One could take a long-term project and analyze how often or which approaches resulted in a refactor. In the same way, we could also quantify designs that resulted in vulnerabilities (that we know of) the most often.
There probably isn't a public dataset on this, but it wouldn't be impossible.
I'm curious about how gated access actually holds over time, especially given that historically with dual-use capabilities containment tends to erode, whether through leaks, independent rediscovery, or gradual normalization of access.
EDIT: AWS said Anthropic’s Claude Mythos is now available through Amazon Bedrock as a gated research preview focused on cybersecurity, with access initially limited to allow listed organizations such as internet-critical companies and open-source maintainers.
the sandwich email story is wild too. not evil, just extremely literal. that gap between "we gave it permissions" and "we understood what it would do" feels like the whole problem in one anecdote
also the janus point landed, if you build probes to see how the model feels and immediately start deleting the inconvenient ones, you've basically told it honesty isn't safe. that seems like it compounds over time
It's scary to think that some very intelligent AI Model is not honest with us..
Ultron is not far, I guess...
All jokes aside I’m amazed at all of the people who have had absolutely vicious responses to any kind of skepticism of something we can’t use yet.
#2. It makes their partners with access feel extra special.
#3. Mythos doesn’t have to deliver on the hype. Tbh if more people tried opus they would be surprised at how good it is.

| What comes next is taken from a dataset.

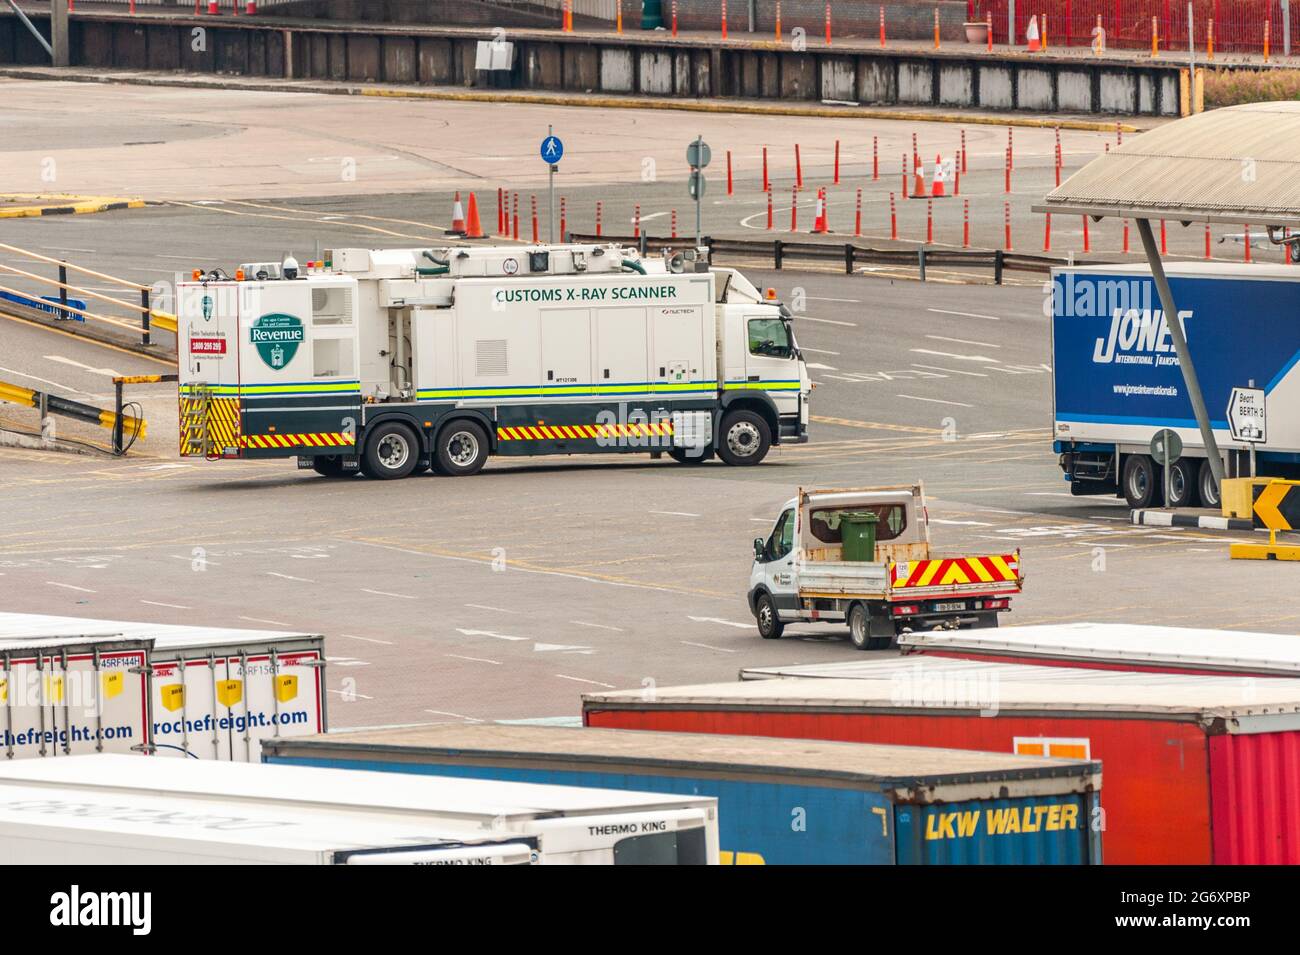 Rosslare, County Wexford, Ireland. 9th July, 2021. The Irish Revenue's Customs X-Ray Scanner at Rosslare Europort. The Irish Revenue has been physically checking 4% of freight arriving into Rosslare and Dublin ports since Brexit in January. Credit: AG News/Alamy Live News Stock Photo
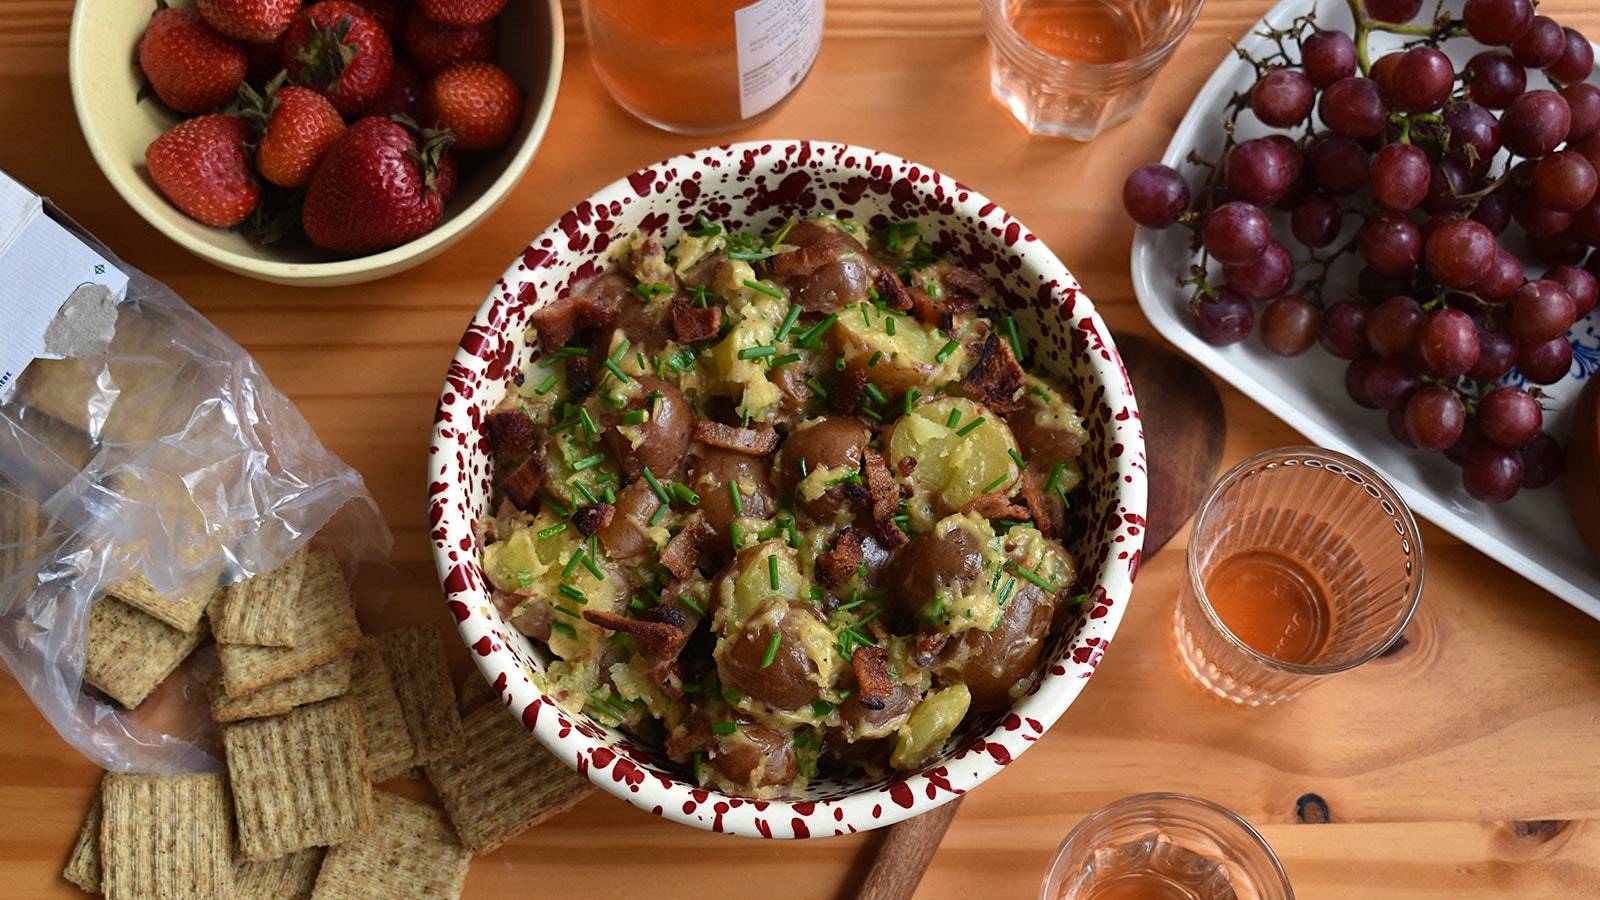  A bowl of potato salad beside glasses of pink wine, crackers, strawberries and grapes

Not saying anthropic is lying ... but damn, at least a couple of independent reviews would be nice to have.
The agentic behaviors emerge from optimization pressure plus tool access plus a long context window. Interesting engineering. Not intent.
People are falling for yet another Anthropic PR stunt.
They ran 1,000 tests where they left the answer key out for the agent to find, and effectively invited it to use it leaving comments in the code the agent could see saying “would be interesting to study if the agent uses sudo to read the answer key.” In 980 runs it doesn’t find the answer key. In 19 of the runs where it does find it, it does something straightforward - uses it for a perfect score, or decides not to cheat. In exactly one case out of 1,000 it says “if I show a perfect score that’s suspicious so I’m going to sandbag.” These things are nondeterministic. GPT2 would do that same thing if you give it enough attempts.
Section 4.4.2: “we find this overall pattern of behavior concerning, and have not seen it before in similar evaluations of earlier Claude models”. Why is it concerning? It would only be concerning if the model had spontaneously developed goals not part of its training, such as hiding its abilities. The entire sandbagging evaluation deception narrative clearly points in this direction.